Does the property injection override the default (it should be).

You are right. If you don't want Spring to inject dependency to a certain field of a bean then @Qualifier annotation can be used to inject desired dependency. I am still trying to find the documentation that would confirm it — the closest I could find is a post on spring forum override default-autowire setting with an annotation?

Edit: Here is another post @Resource considered only after default-autowire="byName" that describes using a new InstantiationAwareBeanPostProcessor to change wiring order to have @Resource on setter take precedence over default-autowire.


As far as I know the default-autowire attribute defines the default "autowire mode" for those beans wired in your XML configuration only!
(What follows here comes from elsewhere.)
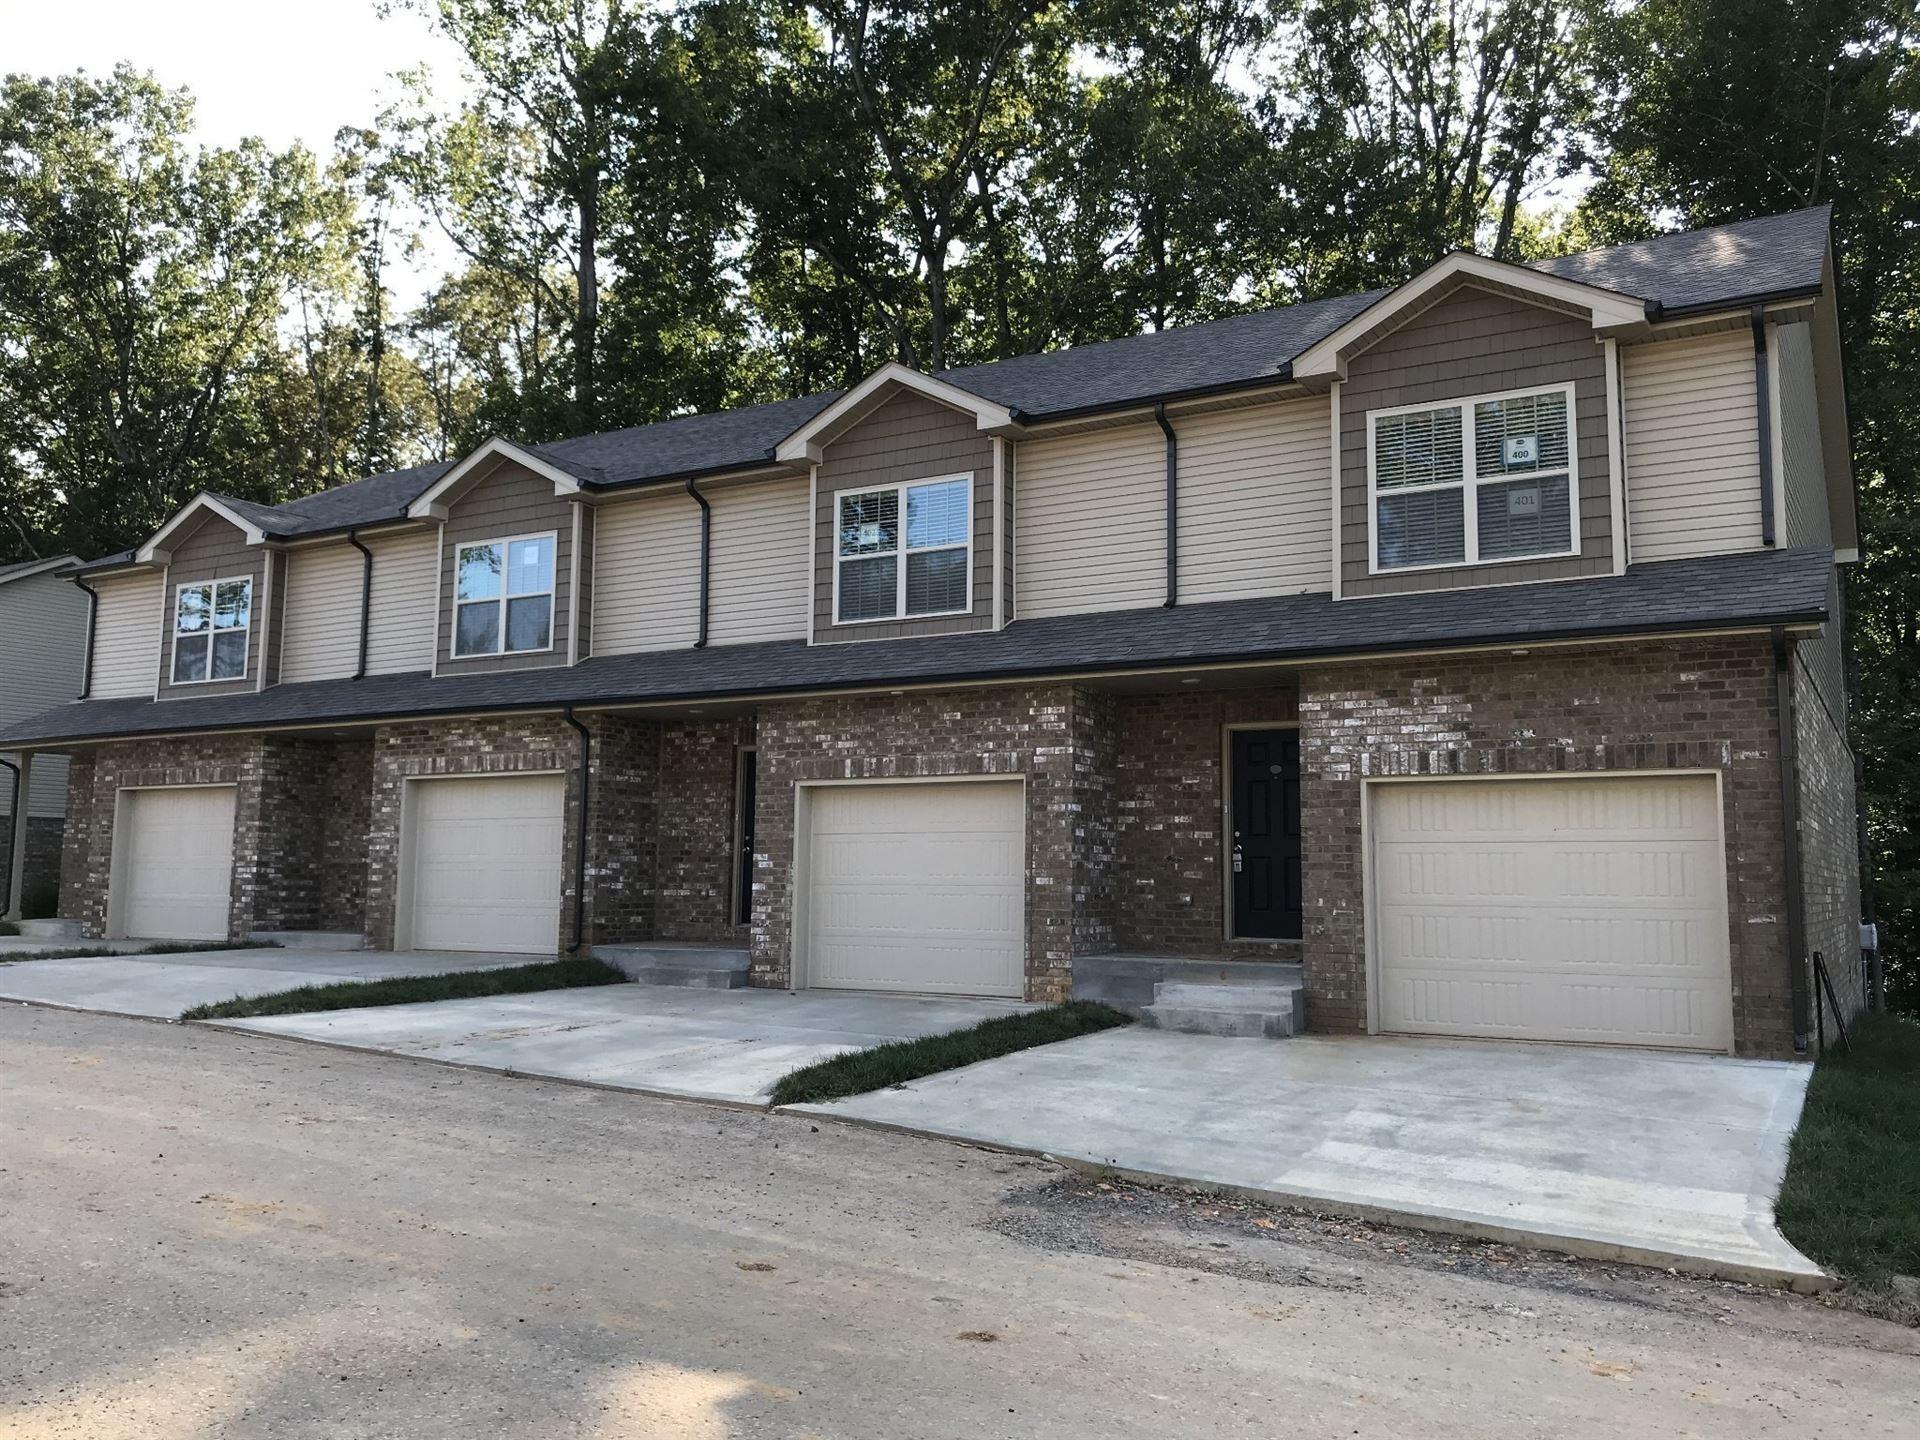 135 Country Lane Unit 203, Clarksville, TN 37043 - MLS#: 2211660

Then annotation based autowiring is independent from that. @Autowired is always by type, @Resource is always by name!
See the tip in Spring's reference documentation 3.9.3:
"If you intend to express annotation-driven injection by name, do not primarily use @Autowired, even if is technically capable of referring to a bean name through @Qualifier values. Instead, use the JSR-250 @Resource annotation, which is semantically defined to identify a specific target component by its unique name, with the declared type being irrelevant for the matching process."